Even before vegan burger maker Beyond Meat Inc. became this year’s standout initial public offering, it was clear that plant-based food is booming. What’s less clear: how to define “plant-based.”
U.S. retail sales in the category rose 11% to $4.5 billion in the past year, far outpacing the 2% growth in the food sector overall, according to a report released Tuesday from the Plant Based Foods Association and The Good Food Institute. Sales of dairy alternatives grew faster than animal-based milk products in every category, and plant-based milks now account for 13% of the total milk market, the groups said.
“We are now at the tipping point with the rapid expansion of plant-based foods across the entire store,” said PBFA’s senior director of retail partnerships Julie Emmett.
But not everyone agrees what the term should mean. The PBFA defines plant-based products as foods completely free of animal ingredients. Big meat companies, however, use the term more loosely. Tyson Foods Inc. has developed plant-based nuggets that include egg whites and Perdue Farms Inc. has marketed its blended chicken and vegetable nuggets as plant-based.
Even the experts can’t agree.

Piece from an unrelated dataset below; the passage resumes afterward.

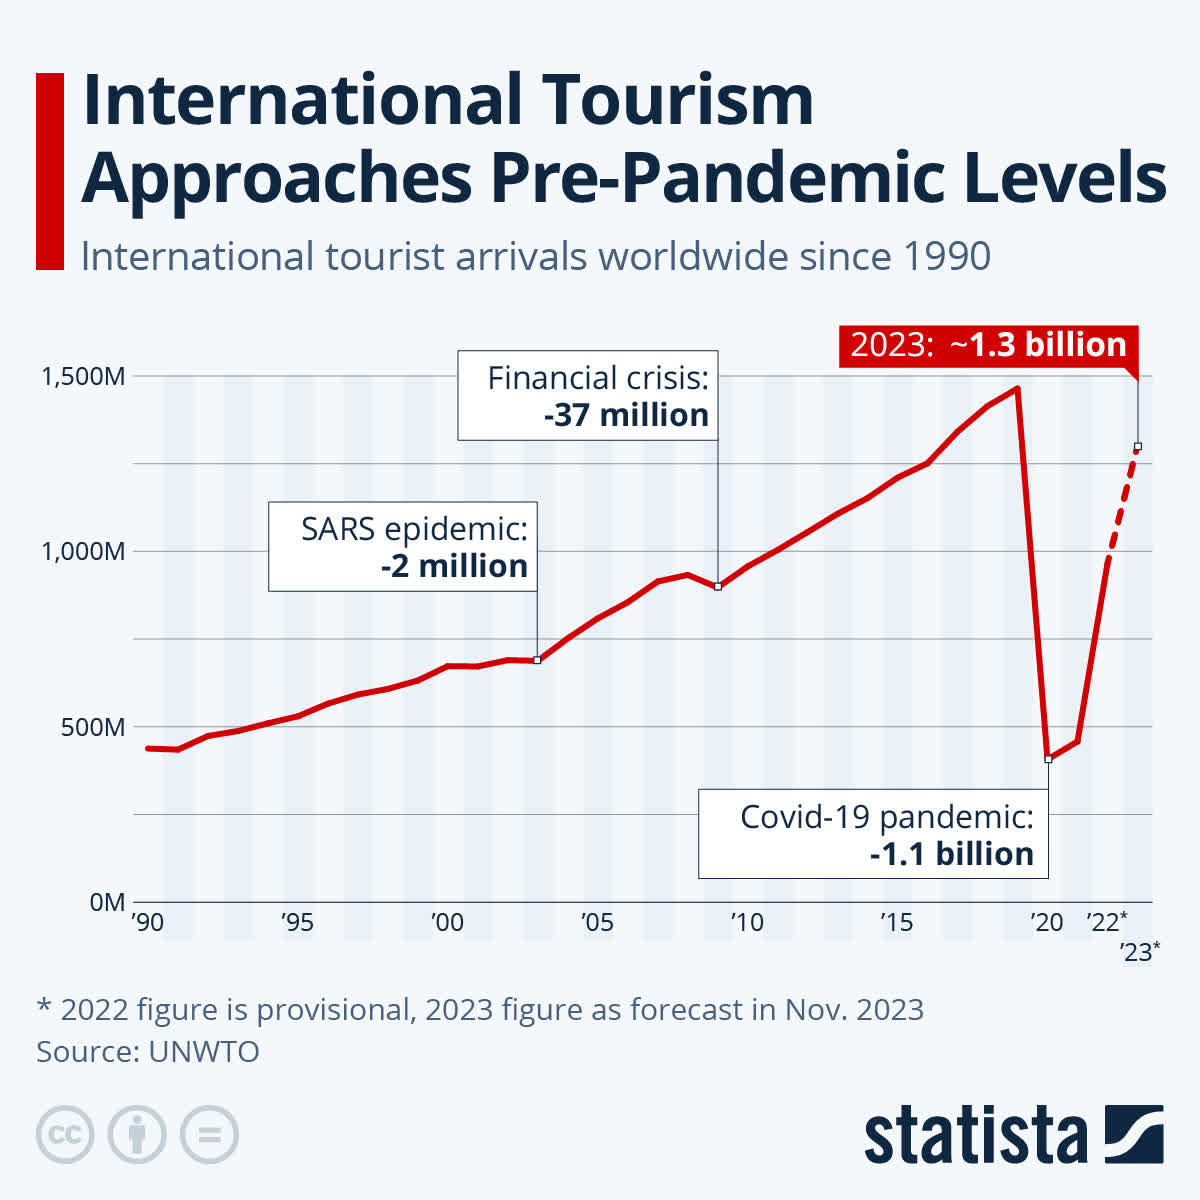 https://www.statista.com/chart/21793/international-tourist-arrivals-worldwide/

The National Institutes of Health define a plant-based diet as one that “excludes all animal products, including red meat, poultry, fish, eggs and dairy products,” but an article from Harvard Health Publishing said that eating a plant-based diet doesn’t mean that you “never eat meat or dairy.” Some plant-based diets do include animal products, said Michele Simon, executive director of the PBFA, but the group excludes them from its label because “when you start making a claim on a package, the term has to have real meaning.”
“While ‘vegan’ has negative connotations because it’s been come to be understood as deprivation, customers like ‘plant-based’ because it’s affirmative, celebratory and descriptive,” Simon said. “It focuses on what the products do have rather than what they exclude.”